In recitation a population model was studied in which the natural growth rate of the population of oryx was a constant $k > 0$, so that for small time intervals $\Delta t$ the population change $x(t + \Delta t) − x(t)$ is well approx­imated by $kx(t)\Delta t$. (You also studied the effect of hunting them, but in this problem we will leave that aside.) Measure time in years and the population in kilo-oryx (ko).

A mysterious virus infects the oryxes of the Tana River area in Kenya, which causes the growth rate to decrease as time goes on according to the formula $k(t) = \dfrac{k_0}{(a + t)^2}$ for $t \ge 0$, where $a$ and $k_0$ are certain positive constants.

(a) What are the units of the constant $a$ in “$a + t$,” and of the constant $k_0$?

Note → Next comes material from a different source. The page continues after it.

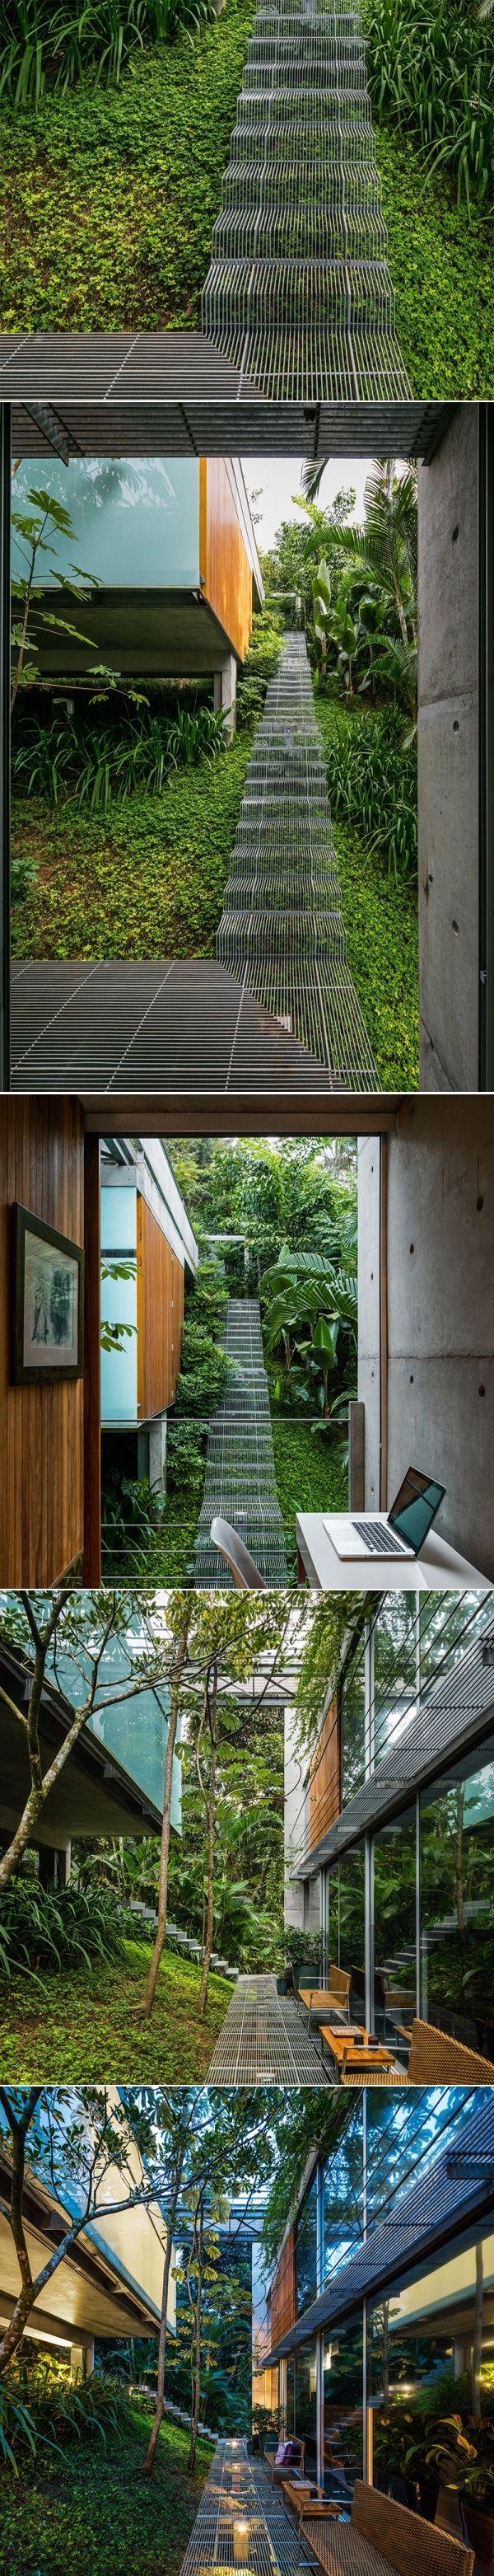 Landscape Design Idea – Low impact stairs that allow plants to grow below them | CONTEMPORIST

The problem set gives the following solution to a):

The growth rate $k(t)$ has units years$^{−1}$ (so that $k(t)x(t)\Delta t$ has the same units as $x(t)$). The variable $t$ has units years, so the $a$ added to it must have the same units, and $k_0$ must have units years in order for the units of the fraction to work out.

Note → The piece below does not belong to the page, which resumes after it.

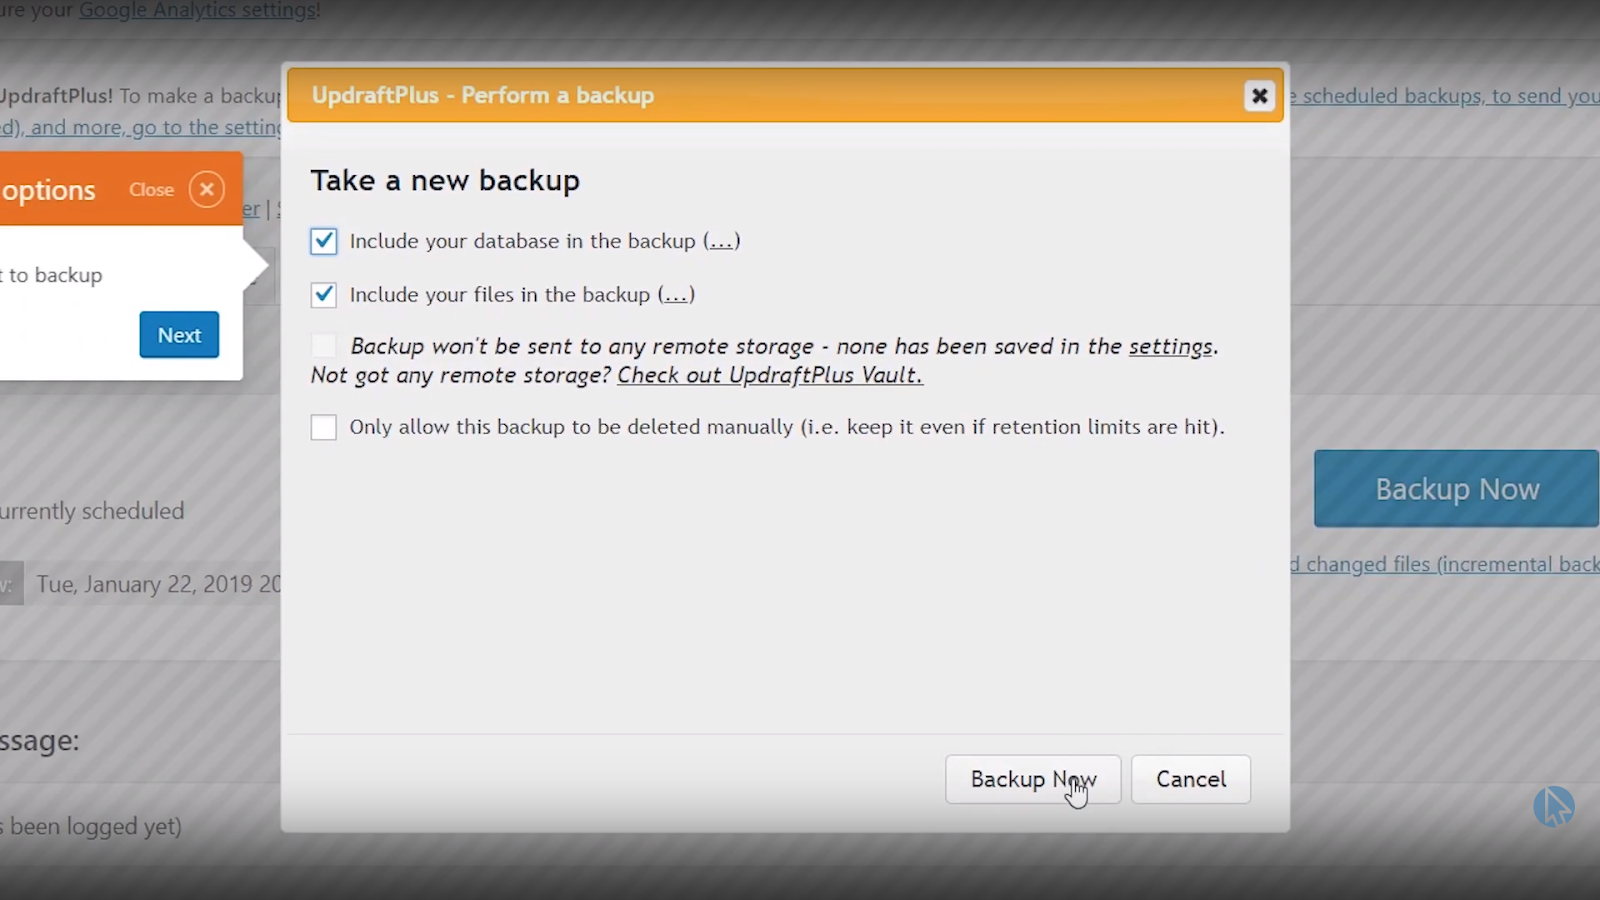 updraftplus wordpress database backup now

The part about $a$ and $t$ having the same units makes sense. However, I have doubts about the correctness of this solution. The solution itself says that $k(t)$ has units years$^{−1}$. If $k_0 = k(0)$ ($k(t)$ where $t = 0$), then is it not inconsistent to then say it has units years in the equation $k(t) = \dfrac{k_0}{(a + t)^2}$? Should it not still have units years$^{−1}$?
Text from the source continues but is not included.